CSV string is being trimmed while importing with OleDb - vb.net

I am reading csv file with oledb mechanism. My main issue is that the string values inside csv while reading are being trimmed (both: at the beggining and and the end with white spaces). I have some specific data in csv file which needs to have such white spaces in only some cases - that's why i cannot handle that after being processed. It has to be done with the convertion.
Unfortunatelly it has to be done with oledb and vb.net as our complex mechanism is based on those technologies.
Is that possible to find a hack or workaround that oledb will not trim my strings?
Below is my code, actual results and expected:
csv file:
Column1|Column2|Column3|Column4
Text1 | Text2| Text3 |Text4
schema.ini
[test.csv]
Format=Delimited(|)
Col1=Column1 Text
Col2=Column2 Text
Col3=Column3 Text
Col4=Column4 Text
Code
Private conn As New OleDbConnection
Private cmd As New OleDbCommand
Private myAccessDataReader As OleDb.OleDbDataReader = Nothing
Sub Main()
Try
Dim dirInfo As String = "C:\csv"
If conn.State = ConnectionState.Open Then
conn.Close()
End If
conn.ConnectionString = "Provider=Microsoft.ACE.OLEDB.12.0; Data Source=" & dirInfo & ";Extended Properties=""Text;HDR=Yes;"";"
conn.Open()
cmd = New OleDbCommand("SELECT * From [test.csv]", conn)

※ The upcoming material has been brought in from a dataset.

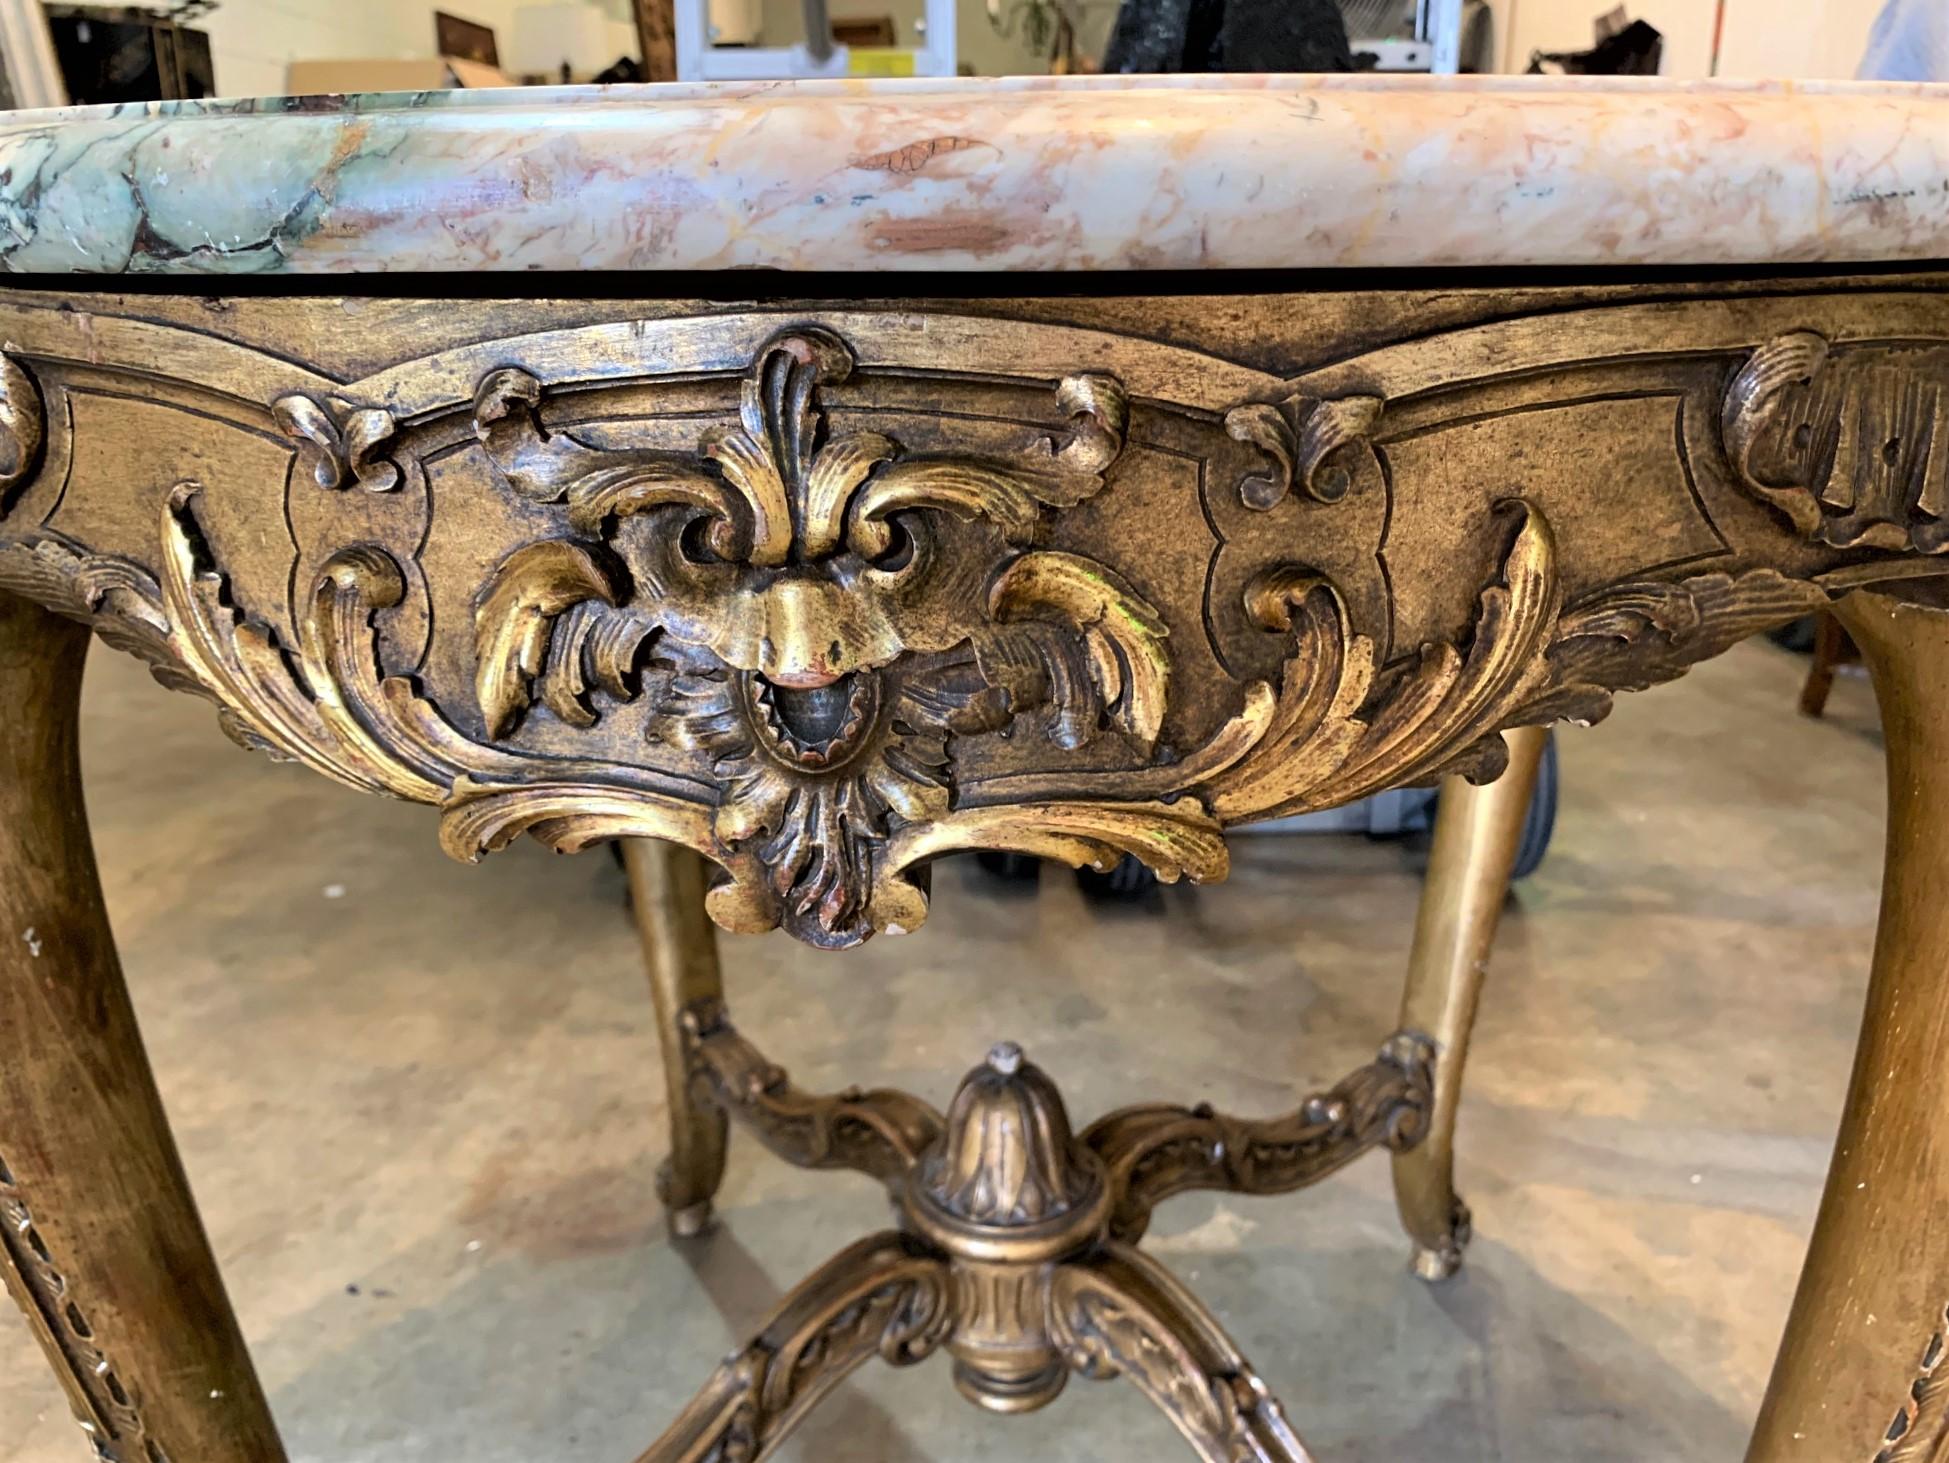 Exceptional 19th century French Louis XV style circular marble top center table. Crafted of giltwood and carved in a raised foliate motif. The elegant cabriole legs are joined by a nicely contoured cross-stretcher,

circa 1870.

myAccessDataReader = cmd.ExecuteReader()
If myAccessDataReader.HasRows Then
myAccessDataReader.Read()
End If
Console.WriteLine("|" + myAccessDataReader.Item("Column1") + "|")
Console.WriteLine("|" + myAccessDataReader.Item("Column2") + "|")
Console.WriteLine("|" + myAccessDataReader.Item("Column3") + "|")
Console.WriteLine("|" + myAccessDataReader.Item("Column4") + "|")
Console.ReadKey()
Catch ex As Exception
Throw New Exception(ex.Message)
End Try
End Sub
Actual Results:
|Text1|
|Text2|
|Text3|
|Text4|
Expected Results:
|Text1 |
| Text2|
| Text3 |
|Text4|
Ps. I have tried with different settings in schema.ini: encoding, MaxScanRows, fixed width, but nothing helped.

I guess there is a general issue with trailing spaces when dealing with database: some char data types use spaces to fill the rest of the characters. For MSSql there is an option ANSI PADDING which you can turn ON/OFF, but I don't see a way to set that for Microsoft JET Engine which we use for CSV files; we support both oledb and odbc and this issue exists for both.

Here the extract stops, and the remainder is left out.